Identifying Incorrectly Labeled Samples
For this example, I’ve already trained an object detection model using FasterRCNN and saved it as an Artifact. An Artifact Version is linked to the Comet Experiment that produced it, so you can easily view the model training metrics, hyperparameters, and training code that produced this model.
Using Artifacts to track Model Information
We’re going to fetch this model using Comet and log inferences from it to Aquarium. Once these are logged, we can use the Model Metrics tab to compute evaluation metrics at any threshold we like—we can also view the examples or label classes that the model is most confused by, and create issues to deal with problematic data points.
Evaluating Model Inferences in Aquarium
We can use the Confusion Matrix to drill down into the most problematic examples.

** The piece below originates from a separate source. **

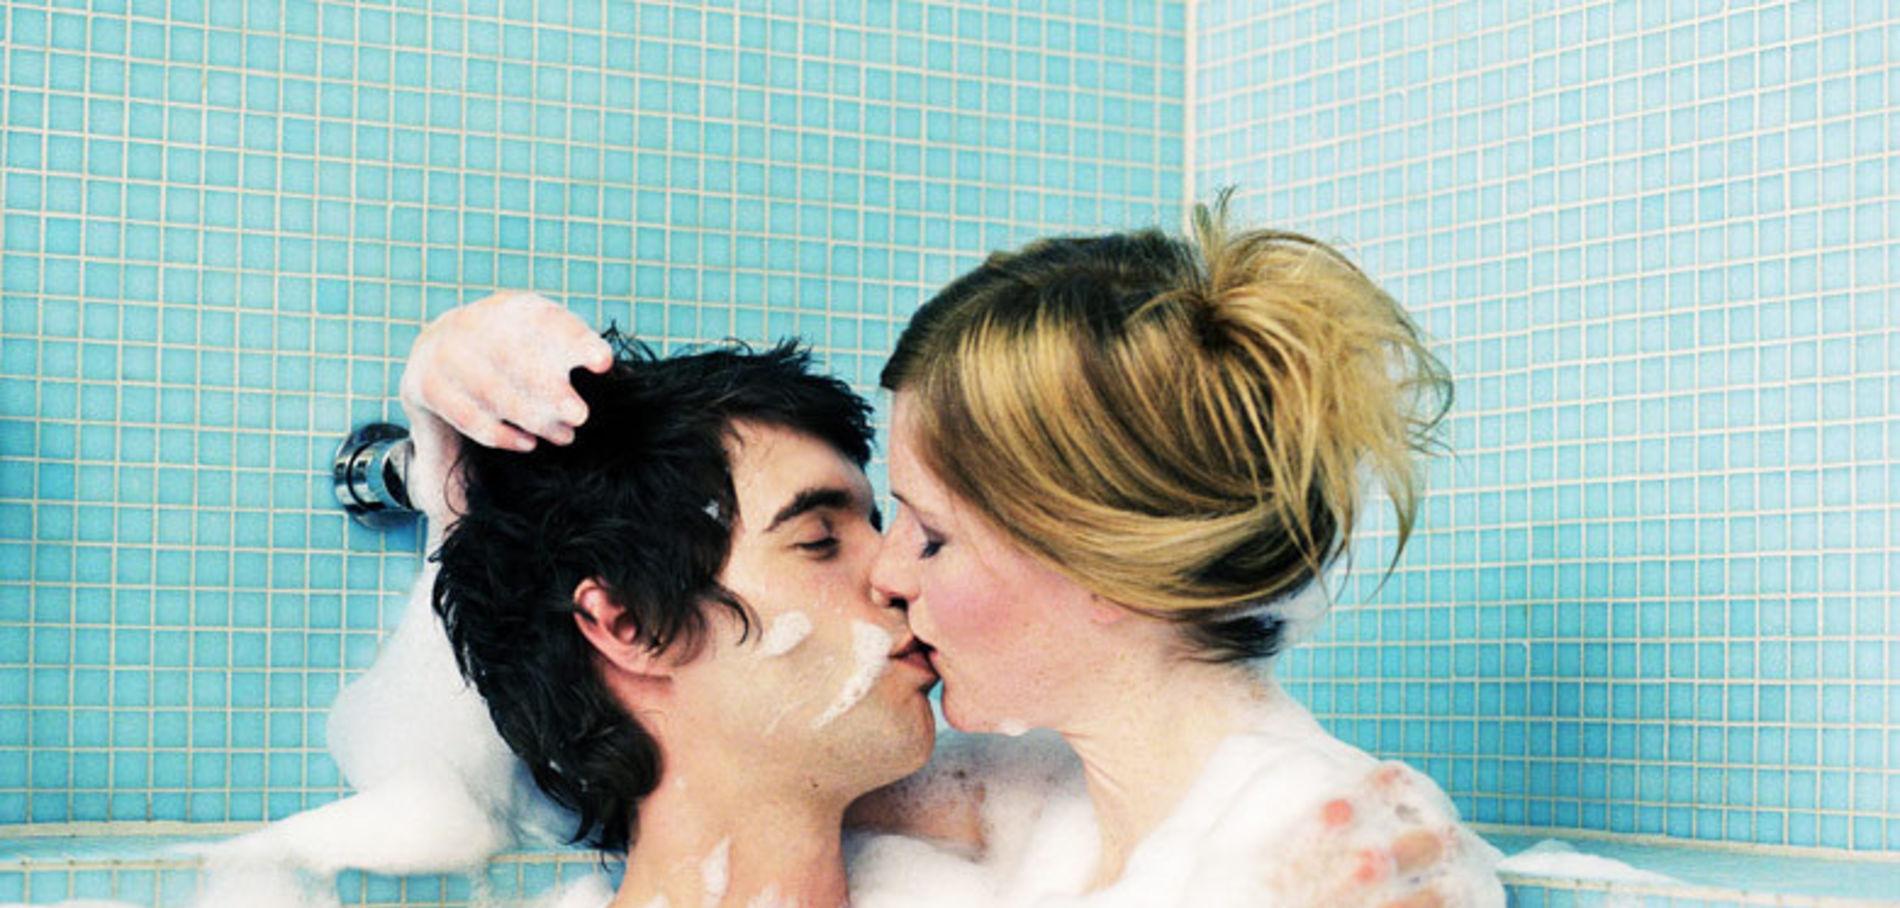 Rencontre libertine : Quel est le meilleur moyen pour trouver votre partenaire sur internet ?

Just select a cell in the Confusion Matrix and Aquarium will pull up a list of data points where the inference disagrees with the data. These data points are sorted based on their loss values. This allows us to quickly identify data points that might have labelling issues.

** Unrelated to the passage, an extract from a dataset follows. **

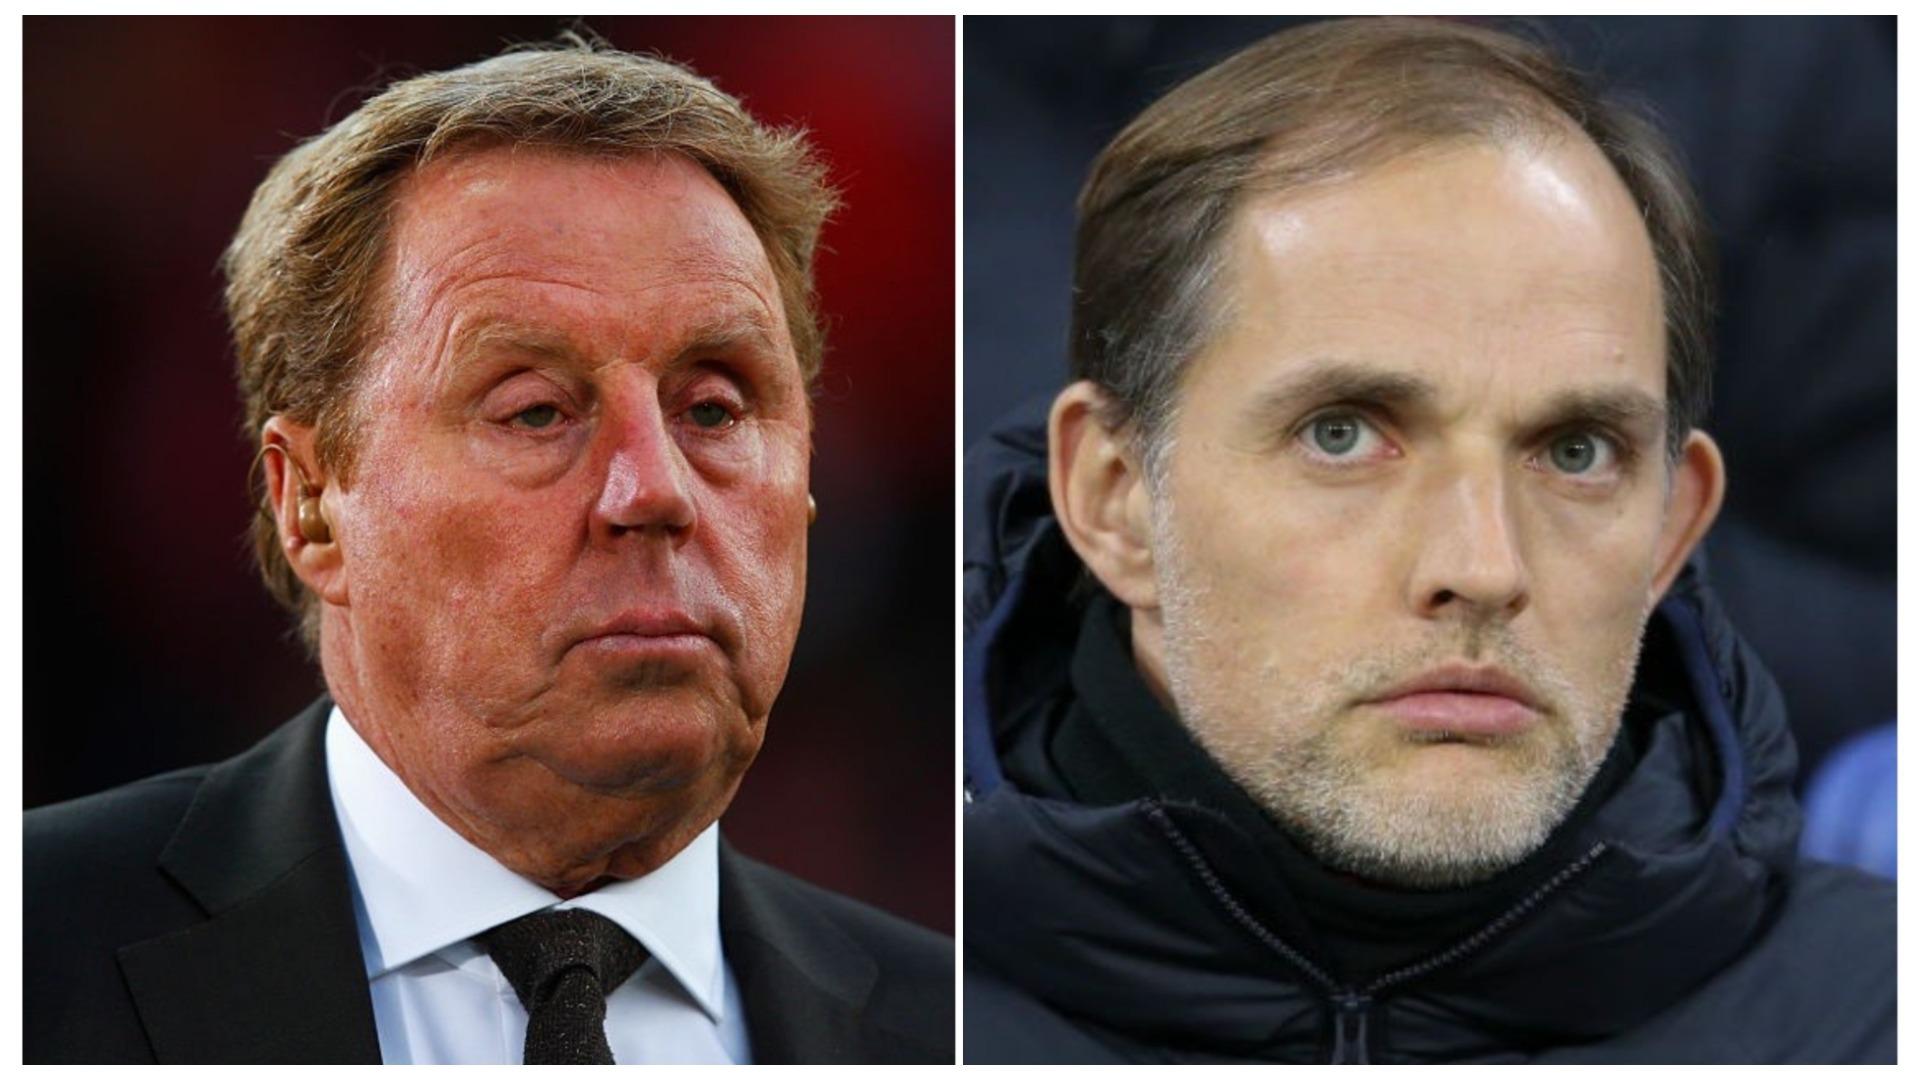 Tuchel drejt Chelsea, Redknapp s'duron: Kush ju tha që është trajner i madh?!

Below we see examples that have the Ground Truth label set to “background”, but in fact have valid objects present inside the image. We can select these examples and add them to an Issue for missing labels.
Now that we’ve identified these problematic data points, let’s remove them from our dataset.
Aquarium provides options for defining and running Webhooks based on specific events. In this example, we’re going to modify the “Export to Label” Webhook to update the Artifact directly. Of course, we can also run the issue through a labelling service to fix the bad label before updating it, but we’ll leave that for another time.
Exporting the Issue to a Webhook
This is the Webhook we’re running in the backend. It extracts the problematic frame id, P0603__1.0__0___600.png
, and updates the Artifact to not include this image anymore.
Updating an Artifact via Webhook
As you can see above, the problematic image has been removed from the sample Artifact.
In this post, we created a system to evaluate an object detection model that can track the model and dataset sample used to creates the predictions, explore the predictions and data in an interactive way, evaluate the model metrics at various thresholds, identify issues in the data, and finally, update the sample dataset to remove these issues.
This workflow allows you or your team to conduct model evaluations significantly faster, without having to write custom code or random one-off scripts. This makes it much easier to adopt, since this evaluation process can be standardized.